# Communication Styles



## L (Aug 12, 2011)

> Noble Score: 2
> 
> Socratic Score: 4
> 
> ...


Sounds pretty accurate.

What will you get?

As always with my temperament inquiries please list both your Enneagram type (tritype if known) and your Myers-Briggs Type.

Now please discuss:happy:

EDIT: wow...forgot to list my types lmao
MBT: INTP, fairly ambiverted.
Ennea: 3w2 5w4 8w7.


----------



## NotedBook300 (Sep 24, 2011)

> *Your Noble Score is 4
> 
> Your Socratic Score is 0
> 
> ...


MBTI: ISTP
Ennea: 5w6, 3w2, 8w9

I answered "No" for most of them.


----------



## DoctorYikes (Nov 22, 2010)

Noble: 5
Socratic: 2
Reflective: 2

Hrm. Needs a bit of tact.


----------



## IdontCare (Jan 4, 2012)

Noble: 3
Socratic: 1
Reflective: 5


----------



## Murnando (Dec 10, 2011)

Noble: 2
Socratic: 6
Reflective: 4

It was okay, but the test was quite simplistic and and badly designed. There was no middle ground option for an answer, it was either 100% yes or 100% no, and the test was only about 20 questions long, so I highly doubt it's accuracy. It's a nice idea though, there aren't many tests that focus purely on the sociological side of things.


----------



## Thalassa (Jun 10, 2010)

Noble: 10

Socratic: 6

Reflective: 4

I tell it like it is, am particularly scolded by Fe types (or surprise Fe types) for/by being very direct, but I'm capable enough of applying the Socratic method that I'm careful about to whom and when I say things (more and more as I get older, especially). 

iSFP

Enneagram 6w7


----------



## MandiKind (Oct 27, 2011)

Noble 2
Socratic 2
Reflective 4

A Reflective is supportive, polite, conflict-free. Believes that the maintenance or advancement of the personal relationship assumes precedence over all other functions and goals during an interaction. Uses communication to deepen relationships.

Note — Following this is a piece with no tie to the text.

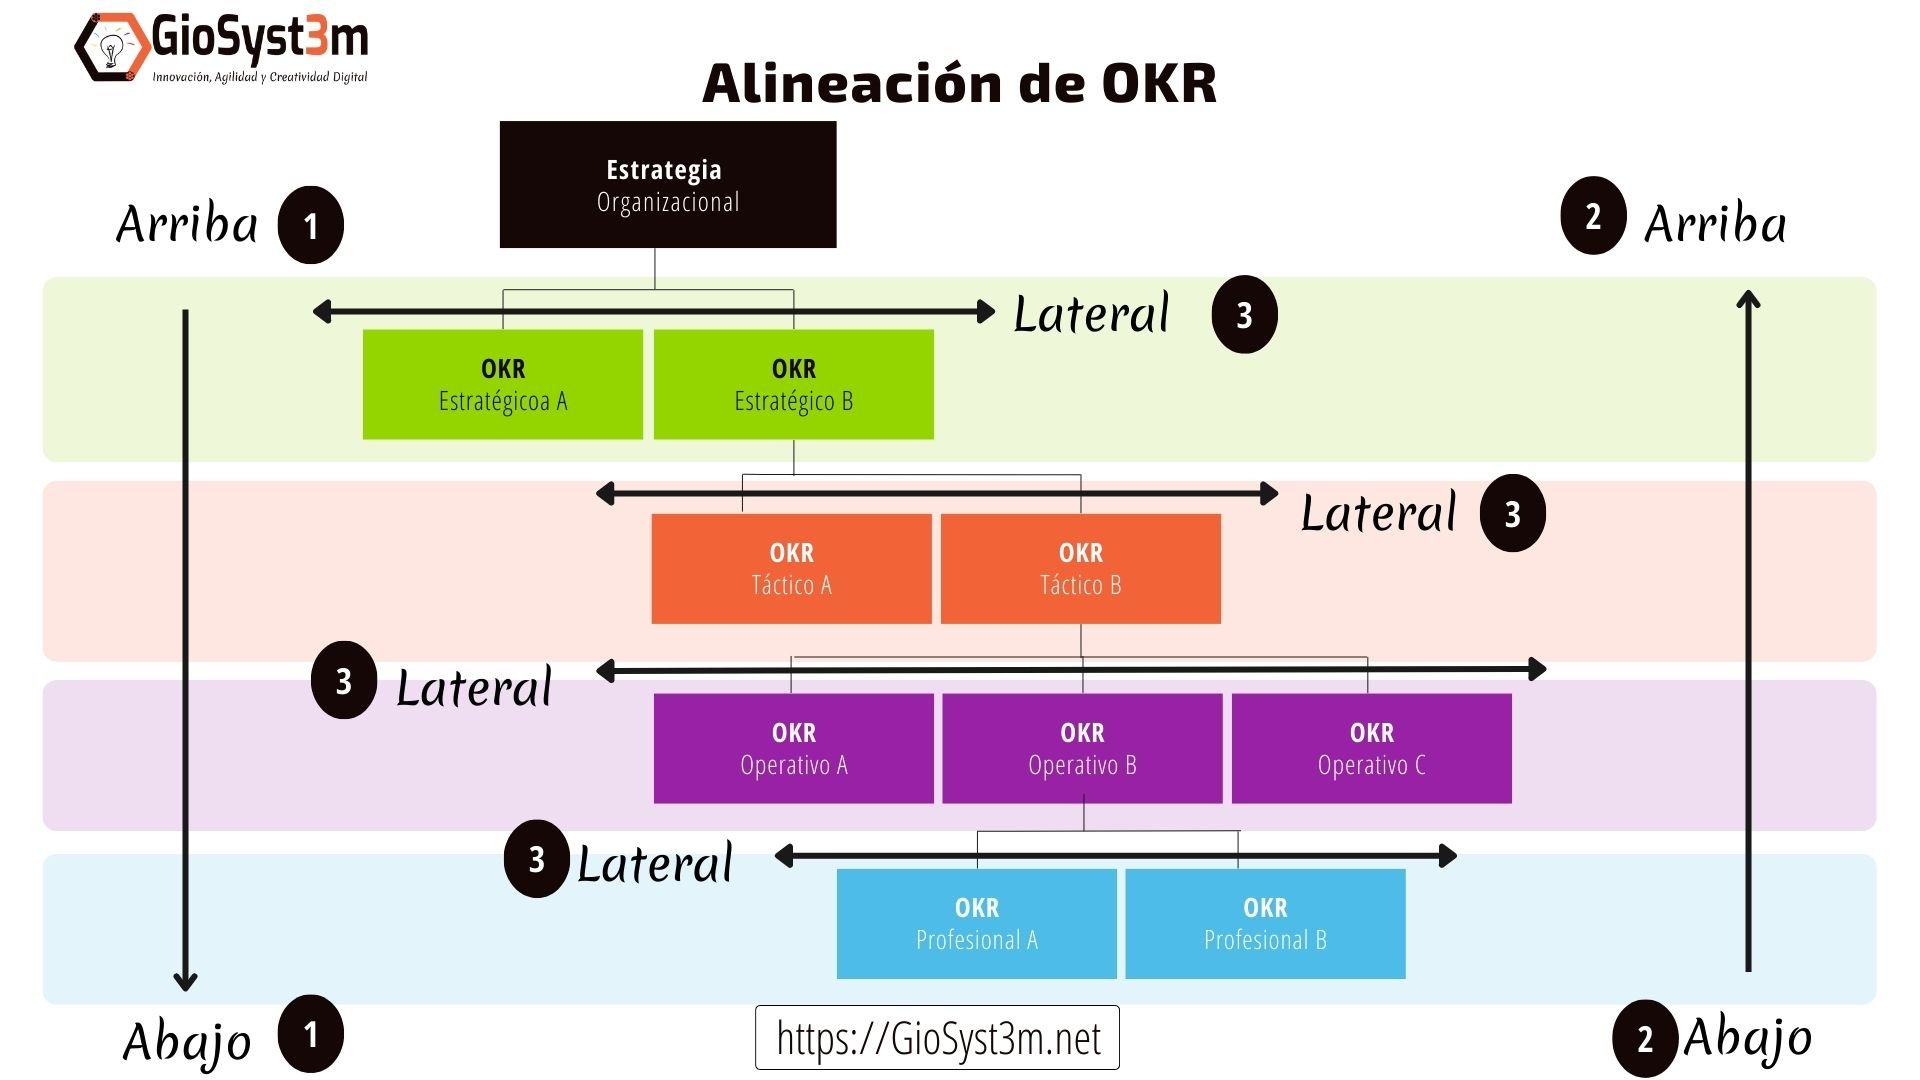 OKR Alineaciones - GioSyst3m

It sounds accurate for me. Also, it looks like we all have an ulterior motive when we're conversing with others. 

ISFP
9w8...9-5-4


----------



## Riy (Apr 1, 2010)

Noble 3
Socratic 3
Reflective 5

A Reflective is supportive, polite, conflict-free. Believes that the maintenance or advancement of the personal relationship assumes precedence over all other functions and goals during an interaction. Uses communication to deepen relationships.


ISFP
6w7, 9w8, 3w2


----------



## Wendixy (Mar 1, 2011)

Your Noble Score is 2

Your Socratic Score is 3

Your Reflective Score is 4

ISFP

4w5


----------



## arleccio (Feb 1, 2012)

Your Noble Score is 6

Your Socratic Score is 2

Your Reflective Score is 5

If your Noble and Reflective scores are close to each other but far from your Socratic score, you are a Senator. The Senator chooses (according to situation) between Noble and Reflective styles, "the most clever of all communicators, the Senator views communication as a strategy for success or survival." 

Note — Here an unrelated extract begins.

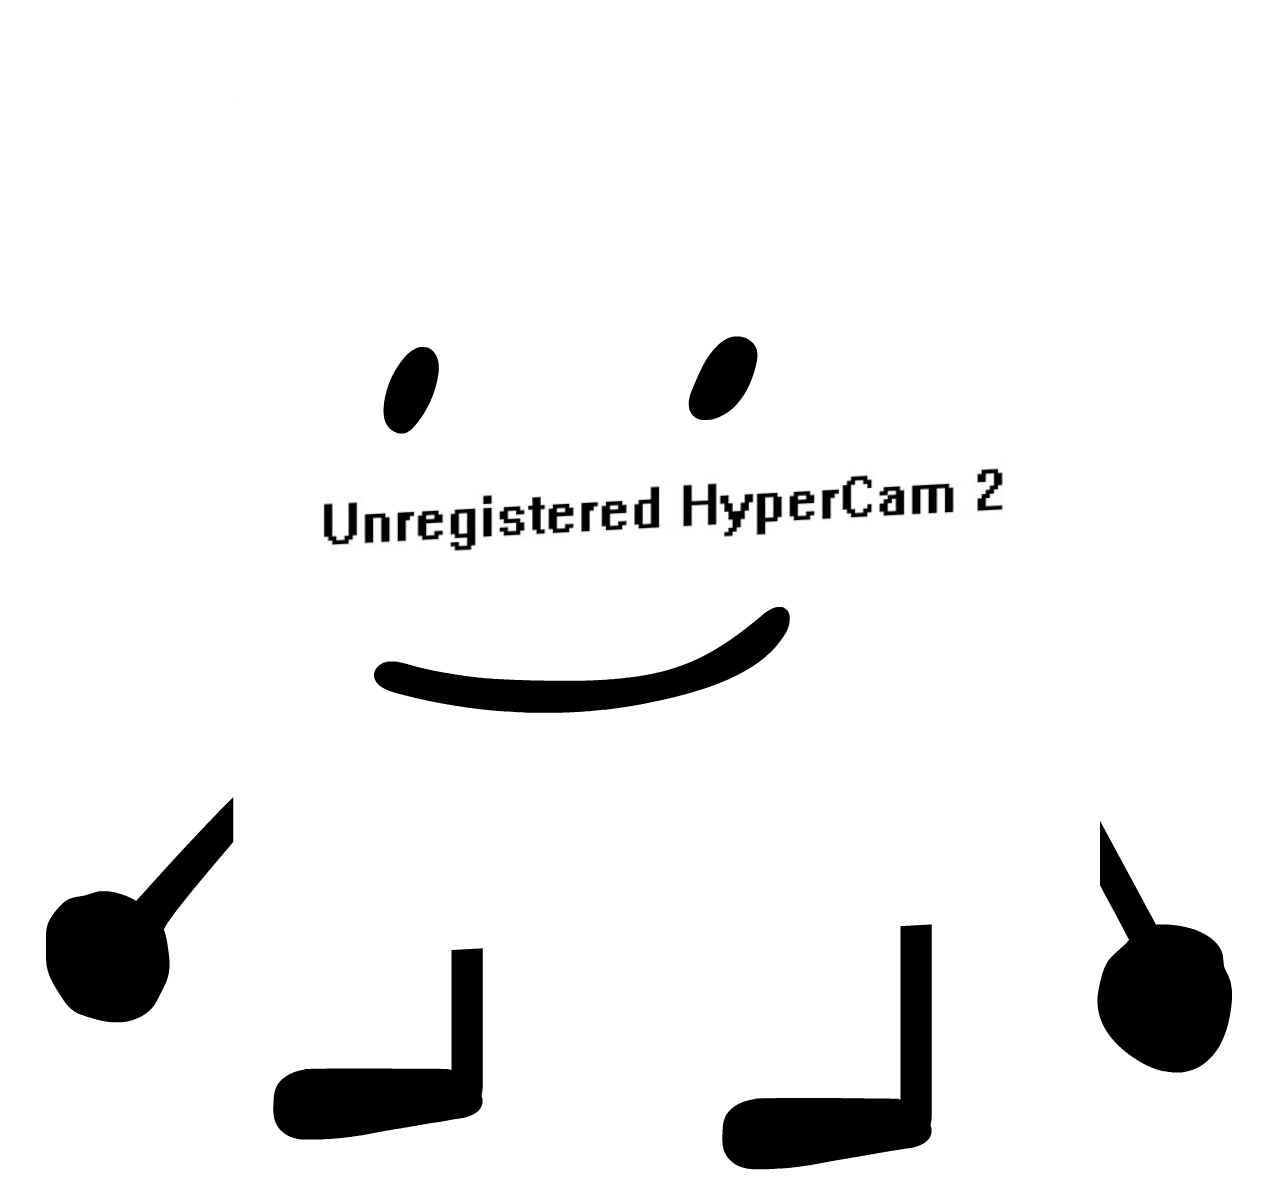 hypercam 2 download unregistered

...or just tries to get through it as fast as possible :wink:


----------



## Vanderlyle (Jan 19, 2012)

Your Noble Score is 1

Your Socratic Score is 5

Your Reflective Score is 3

_If your Socratic score is higher than the other two, you are Socratic. The Socratic is analytical, reasonable, deliberate in what they say, to whom they will say it, and under what conditions they will say it." Uses communication to persuade._

ESFP
I seemed to fit this description, as well as the equal Socratic and Reflective result. Sort of a mix between the two.


----------